(What you need to do)
Before returning the data, strip out the pictures and keep everything else exactly the same.

(Recorded data)
=== Begin Enclosure ===

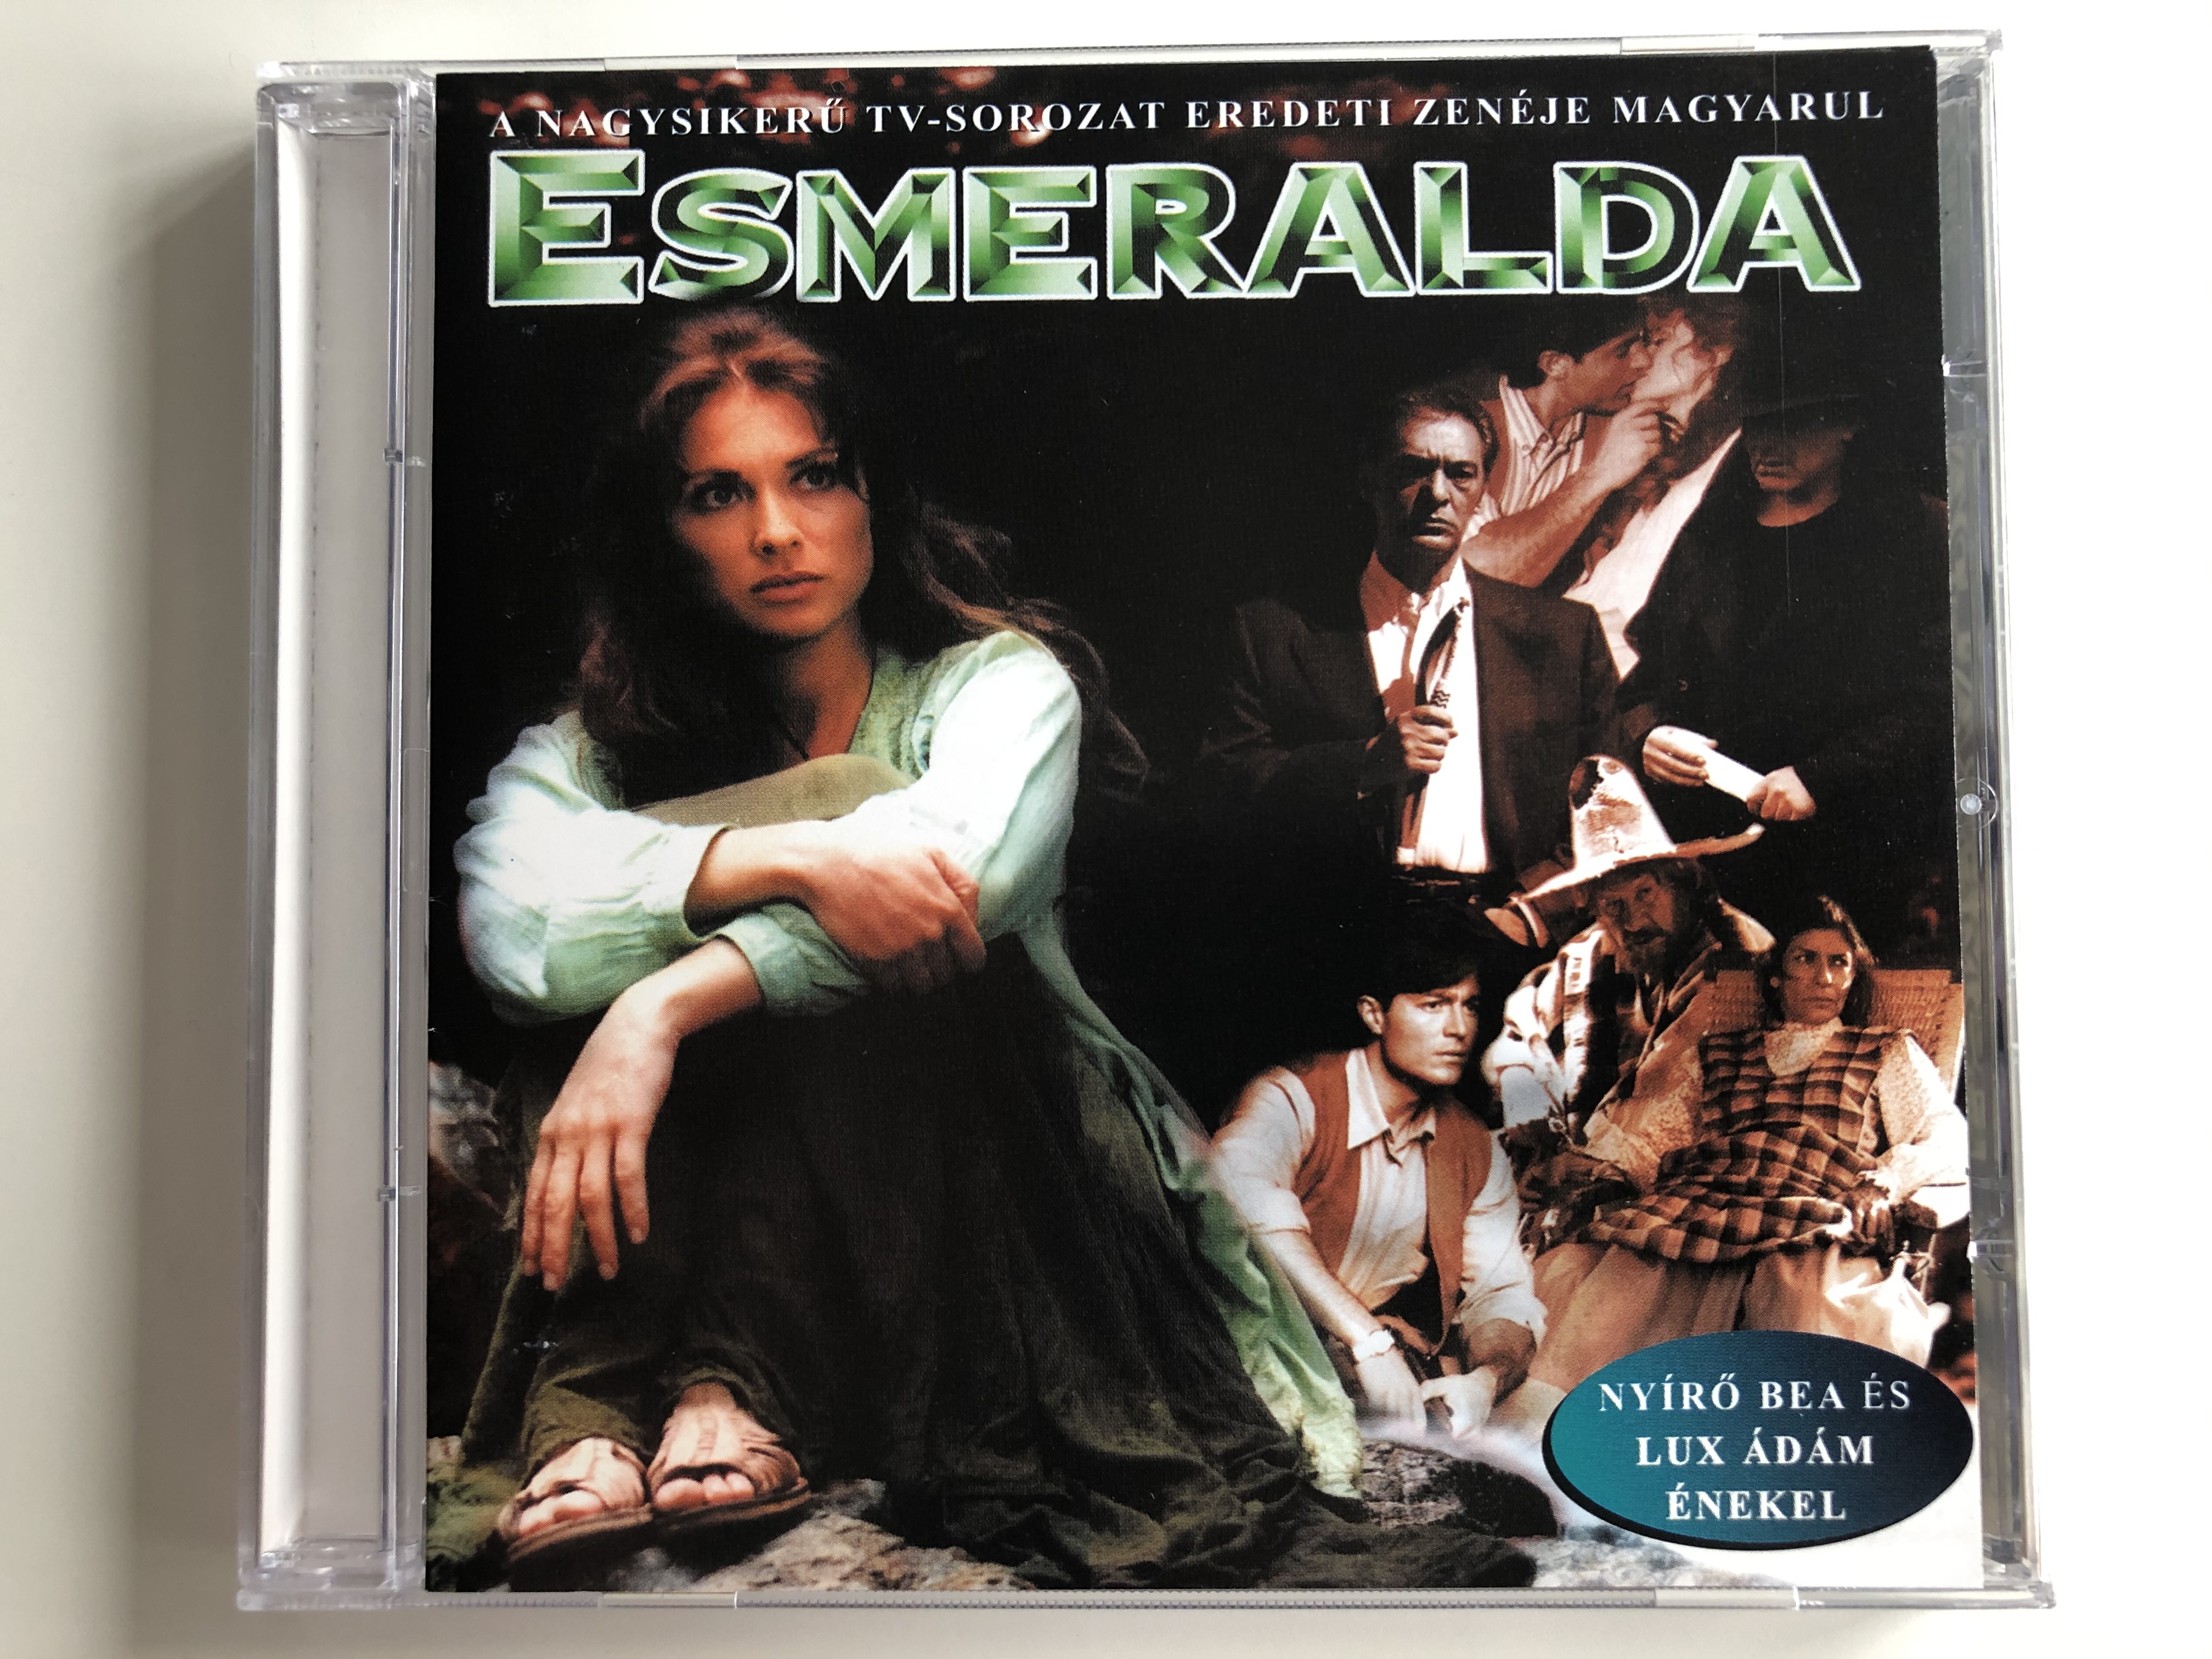 esmeralda-a-nagysikeru-tv-sorozat-eredeti-zeneje-magyarul-esmeralda-emi-quint-audio-cd-1999-521687-2-1-.jpg
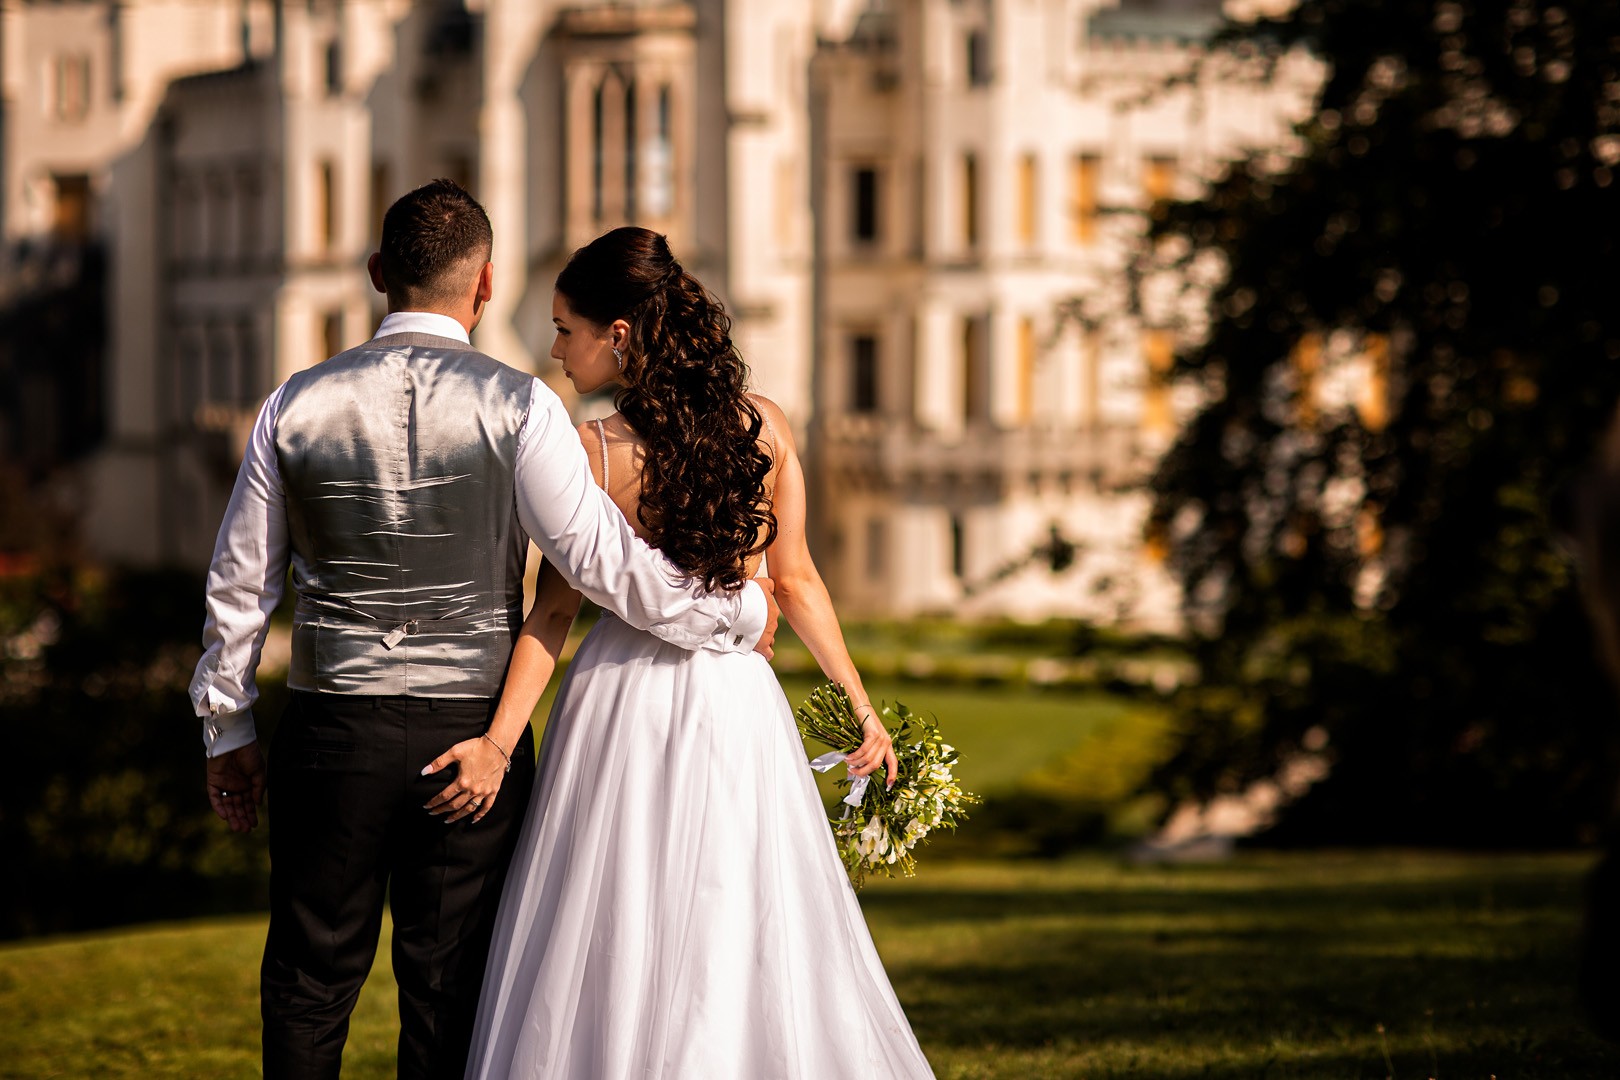 Picturesque dream wedding of Kloudy & Michal in Hluboká nad Vltavou. - 0390.jpg
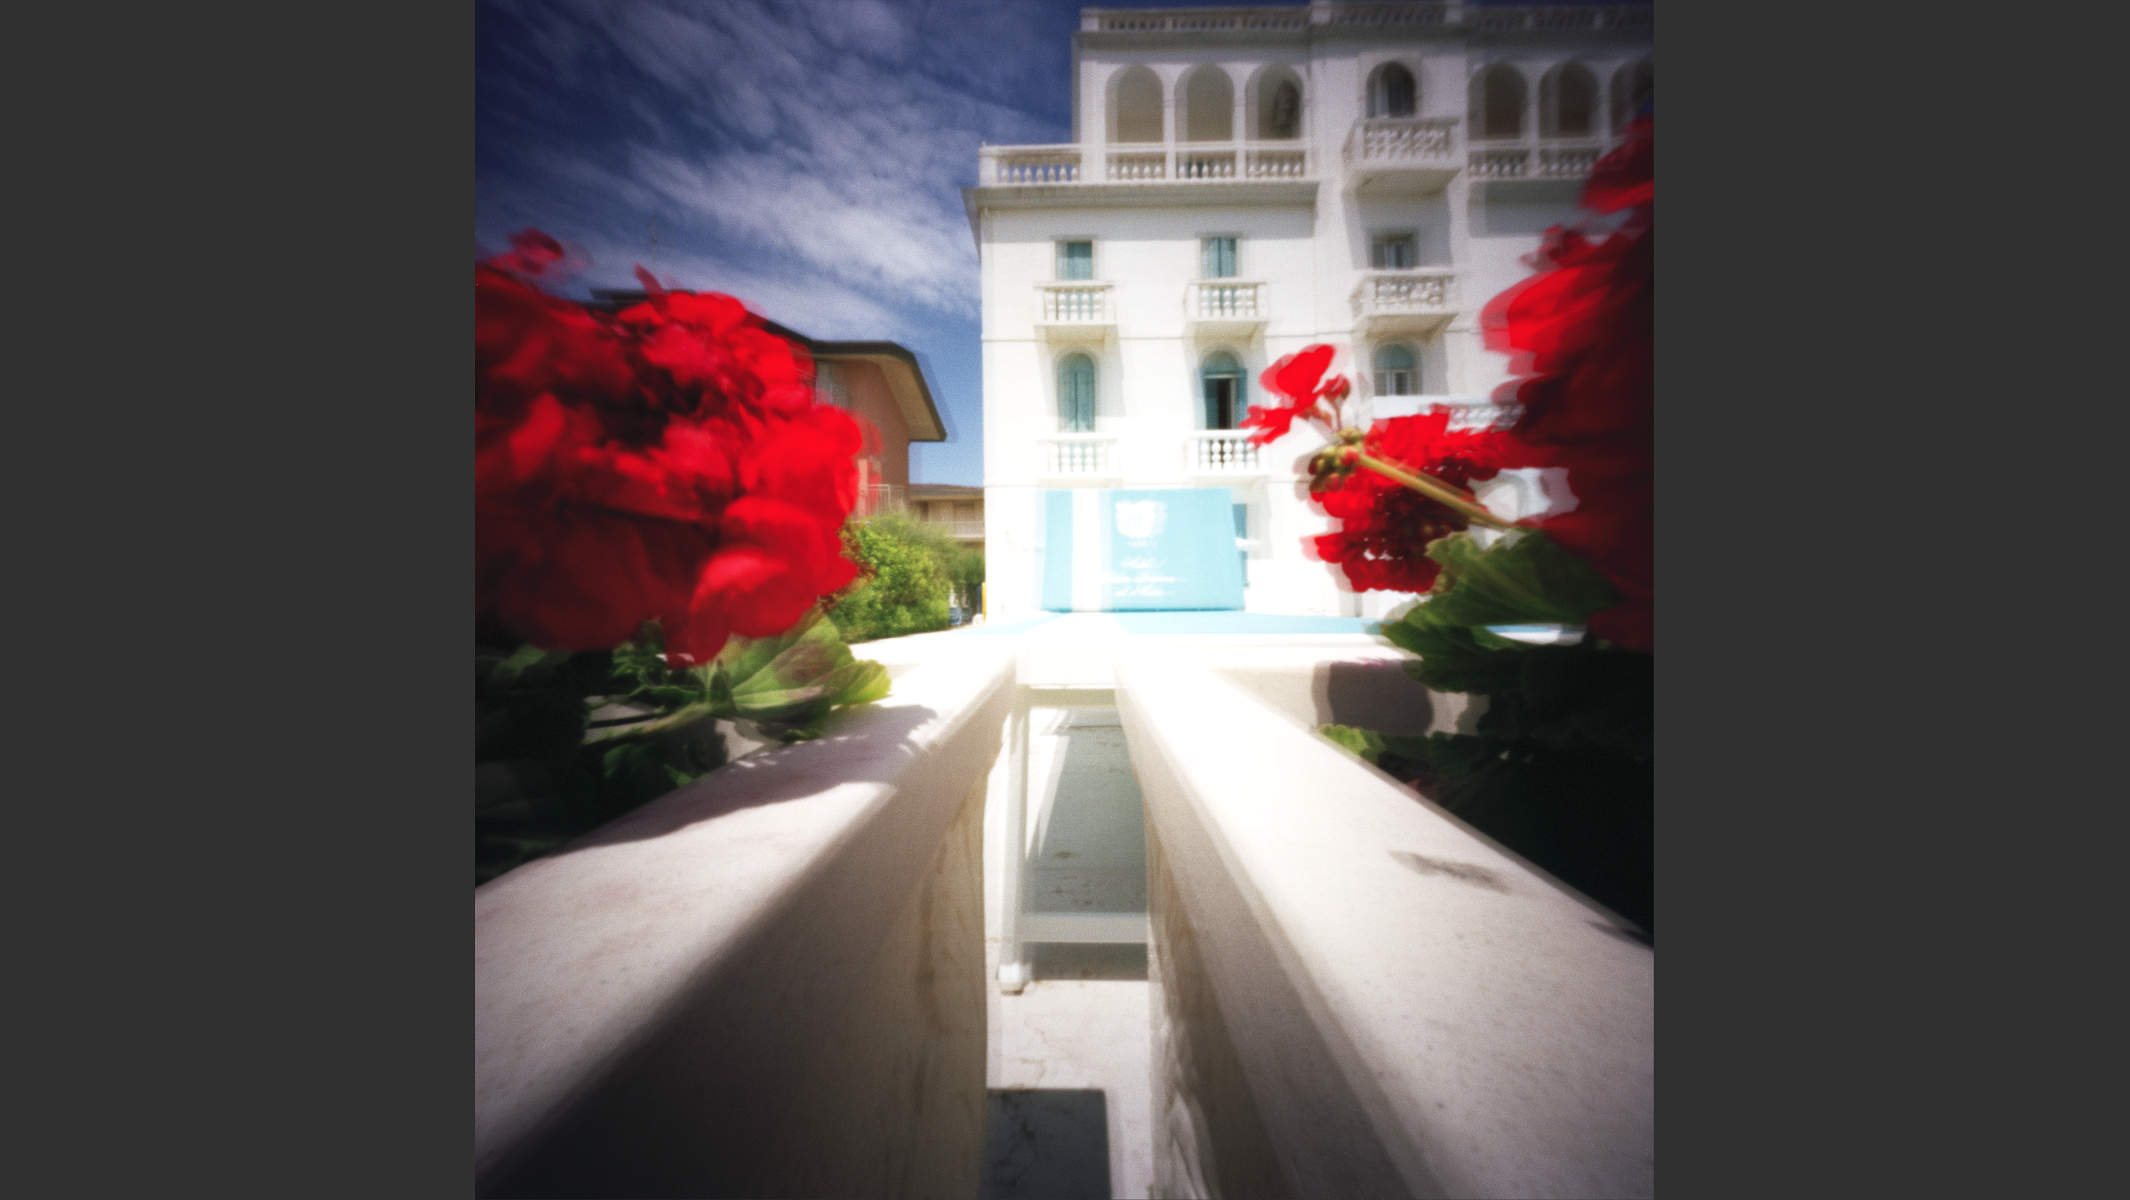 Lochkamera-Foto eines Strandhauses an der Adria mit roten Blumen. © Martin Geier

=== End Enclosure ===

(Answer section)
 esmeralda-a-nagysikeru-tv-sorozat-eredeti-zeneje-magyarul-esmeralda-emi-quint-audio-cd-1999-521687-2-1-.jpg
 Picturesque dream wedding of Kloudy & Michal in Hluboká nad Vltavou. - 0390.jpg
 Lochkamera-Foto eines Strandhauses an der Adria mit roten Blumen. © Martin Geier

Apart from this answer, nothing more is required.